= Beginning of Section =
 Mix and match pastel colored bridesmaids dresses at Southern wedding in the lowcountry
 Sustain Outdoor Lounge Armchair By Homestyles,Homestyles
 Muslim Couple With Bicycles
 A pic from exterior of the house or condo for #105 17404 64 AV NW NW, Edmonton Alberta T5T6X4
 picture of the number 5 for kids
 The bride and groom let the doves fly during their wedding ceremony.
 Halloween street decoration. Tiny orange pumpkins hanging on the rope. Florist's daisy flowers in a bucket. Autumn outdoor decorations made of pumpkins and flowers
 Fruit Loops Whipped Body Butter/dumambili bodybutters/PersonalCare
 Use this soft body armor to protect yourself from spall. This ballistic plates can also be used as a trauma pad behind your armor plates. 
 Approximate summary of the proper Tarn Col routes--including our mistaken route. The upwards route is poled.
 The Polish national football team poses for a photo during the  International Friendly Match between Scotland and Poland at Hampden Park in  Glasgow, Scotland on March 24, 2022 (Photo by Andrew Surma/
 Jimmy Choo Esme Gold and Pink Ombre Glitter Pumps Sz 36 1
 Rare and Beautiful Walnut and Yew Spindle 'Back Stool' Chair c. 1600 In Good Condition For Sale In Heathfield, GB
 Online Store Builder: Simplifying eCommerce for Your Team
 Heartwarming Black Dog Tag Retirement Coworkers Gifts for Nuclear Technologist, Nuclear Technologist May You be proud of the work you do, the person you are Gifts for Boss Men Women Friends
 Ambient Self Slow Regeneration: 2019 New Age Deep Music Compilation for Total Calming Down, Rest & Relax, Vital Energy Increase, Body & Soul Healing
= End of Section =
• _TASK DIRECTIONS_
Could you reproduce every record above exactly as it stands?

• _RESULT FOR THIS EXERCISE_
 Mix and match pastel colored bridesmaids dresses at Southern wedding in the lowcountry
 Sustain Outdoor Lounge Armchair By Homestyles,Homestyles
 Muslim Couple With Bicycles
 A pic from exterior of the house or condo for #105 17404 64 AV NW NW, Edmonton Alberta T5T6X4
 picture of the number 5 for kids
 The bride and groom let the doves fly during their wedding ceremony.
 Halloween street decoration. Tiny orange pumpkins hanging on the rope. Florist's daisy flowers in a bucket. Autumn outdoor decorations made of pumpkins and flowers
 Fruit Loops Whipped Body Butter/dumambili bodybutters/PersonalCare
 Use this soft body armor to protect yourself from spall. This ballistic plates can also be used as a trauma pad behind your armor plates. 
 Approximate summary of the proper Tarn Col routes--including our mistaken route. The upwards route is poled.
 The Polish national football team poses for a photo during the  International Friendly Match between Scotland and Poland at Hampden Park in  Glasgow, Scotland on March 24, 2022 (Photo by Andrew Surma/
 Jimmy Choo Esme Gold and Pink Ombre Glitter Pumps Sz 36 1
 Rare and Beautiful Walnut and Yew Spindle 'Back Stool' Chair c. 1600 In Good Condition For Sale In Heathfield, GB
 Online Store Builder: Simplifying eCommerce for Your Team
 Heartwarming Black Dog Tag Retirement Coworkers Gifts for Nuclear Technologist, Nuclear Technologist May You be proud of the work you do, the person you are Gifts for Boss Men Women Friends
 Ambient Self Slow Regeneration: 2019 New Age Deep Music Compilation for Total Calming Down, Rest & Relax, Vital Energy Increase, Body & Soul Healing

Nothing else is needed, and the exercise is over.